1—Packet technology is protocol agnostic
Over time, the proliferation of analog and TDM device protocols has led to complex environments made up of multiple application-specific, proprietary networks, with information siloed between operational areas. Ethernet data transport isn’t tied to any one specific client protocol, so it’s easy to add different types of services over a common network infrastructure.
2 – Convergence is key (and packet technology makes it possible)

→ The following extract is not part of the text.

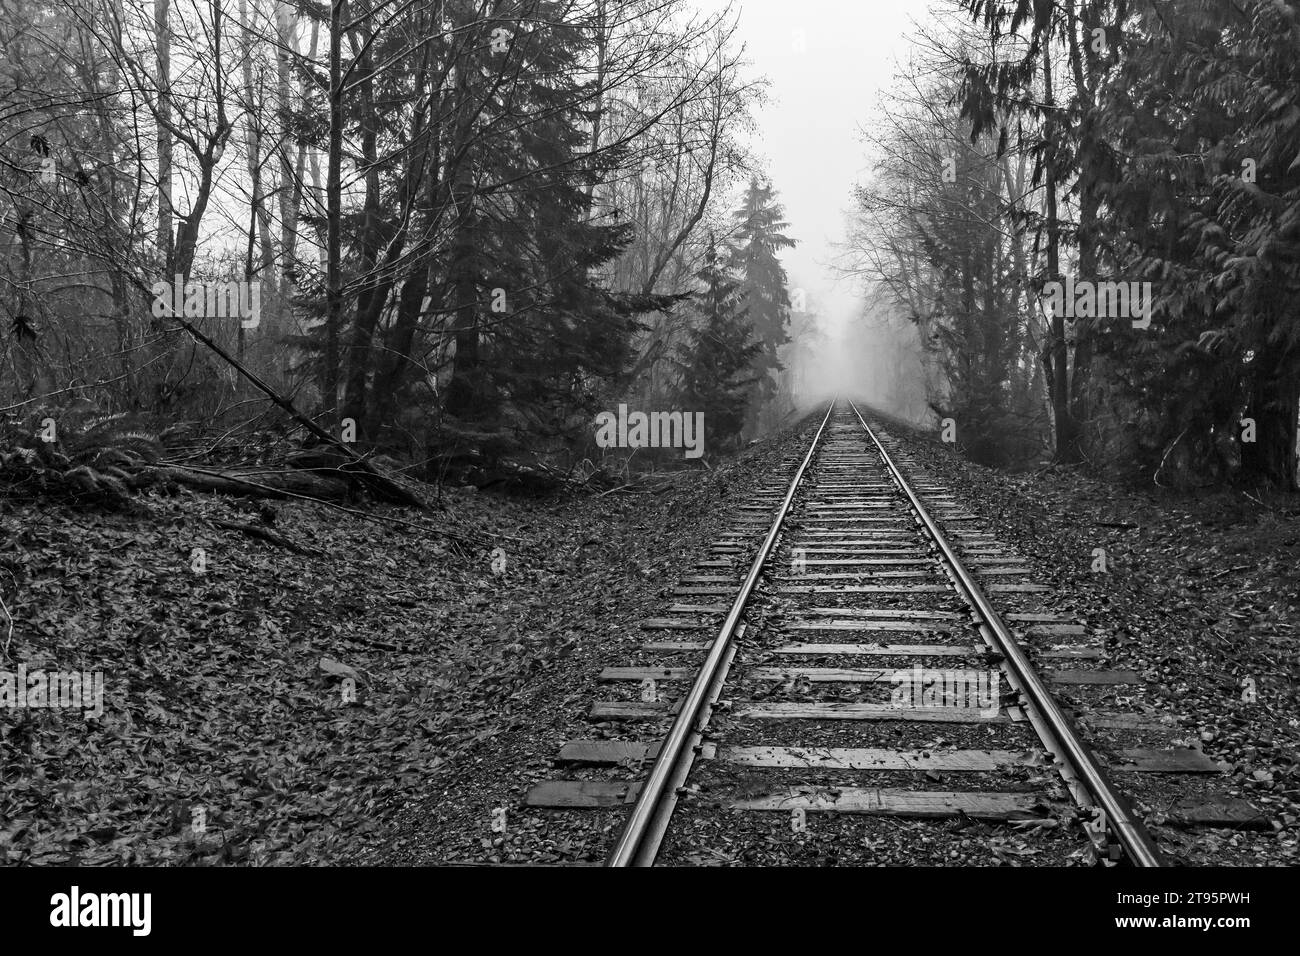 Tracks of the Puget Sound & Pacific Railroad in der Nähe von Shelton, Olympic Peninsula, WA, USA [keine Veröffentlichung des Eigentums; nur redaktionelle Lizenzierung] Stockfoto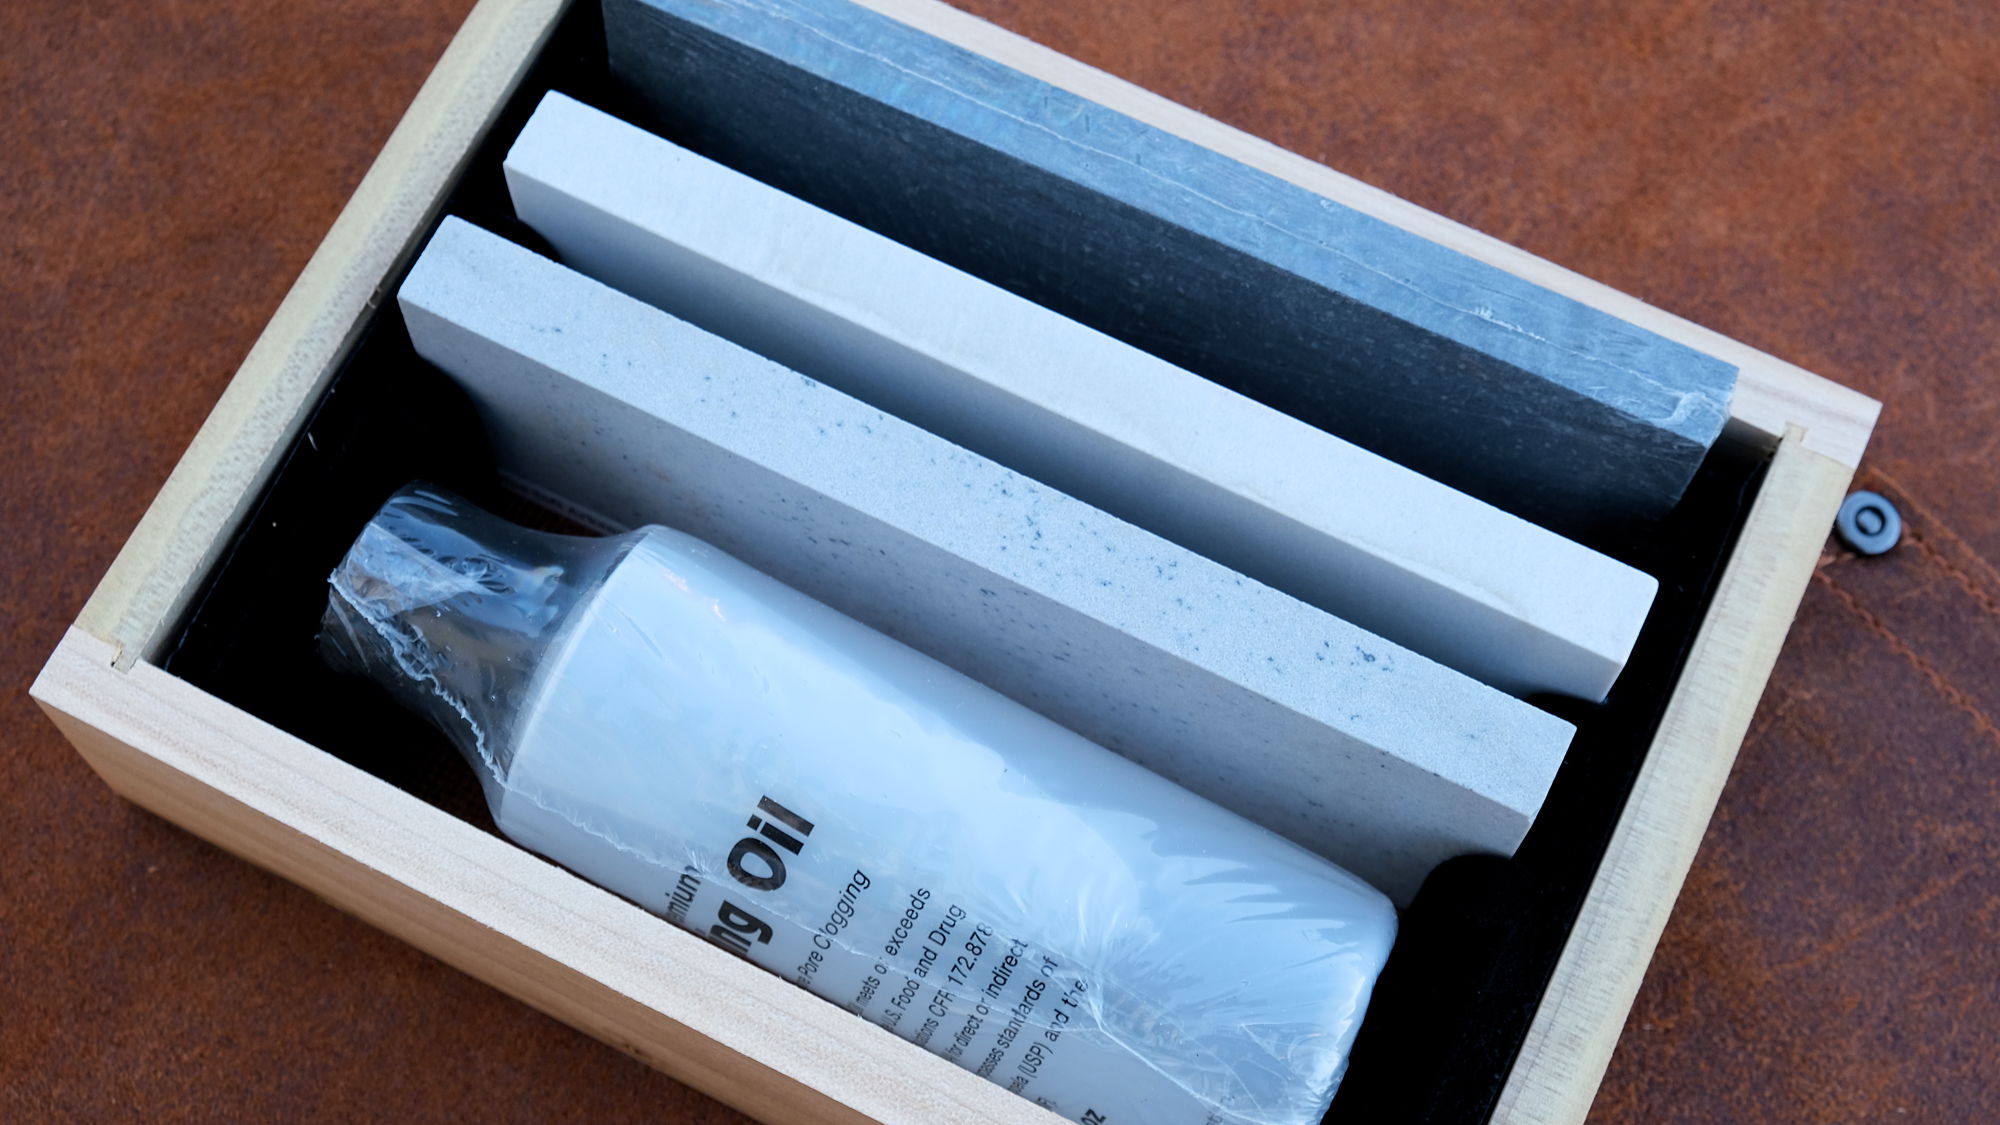 Original laguiole - Deluxe Honing Kit, Schleifstein mit Öl zu verwenden, Made in USA

The key to modernizing grid communications is to provide a common, multi-service network infrastructure for the entire utility organization that will then provide operational efficiency benefits, visibility, and functional integration of operational information across grid applications and data networks. Ethernet also allows for the convergence of IT and OT – with enterprise applications (the IT) and operations running the grid (the OT) working together, utilities can benefit from increased efficiency, and better support disaster recovery and business continuity efforts (see Figure 1).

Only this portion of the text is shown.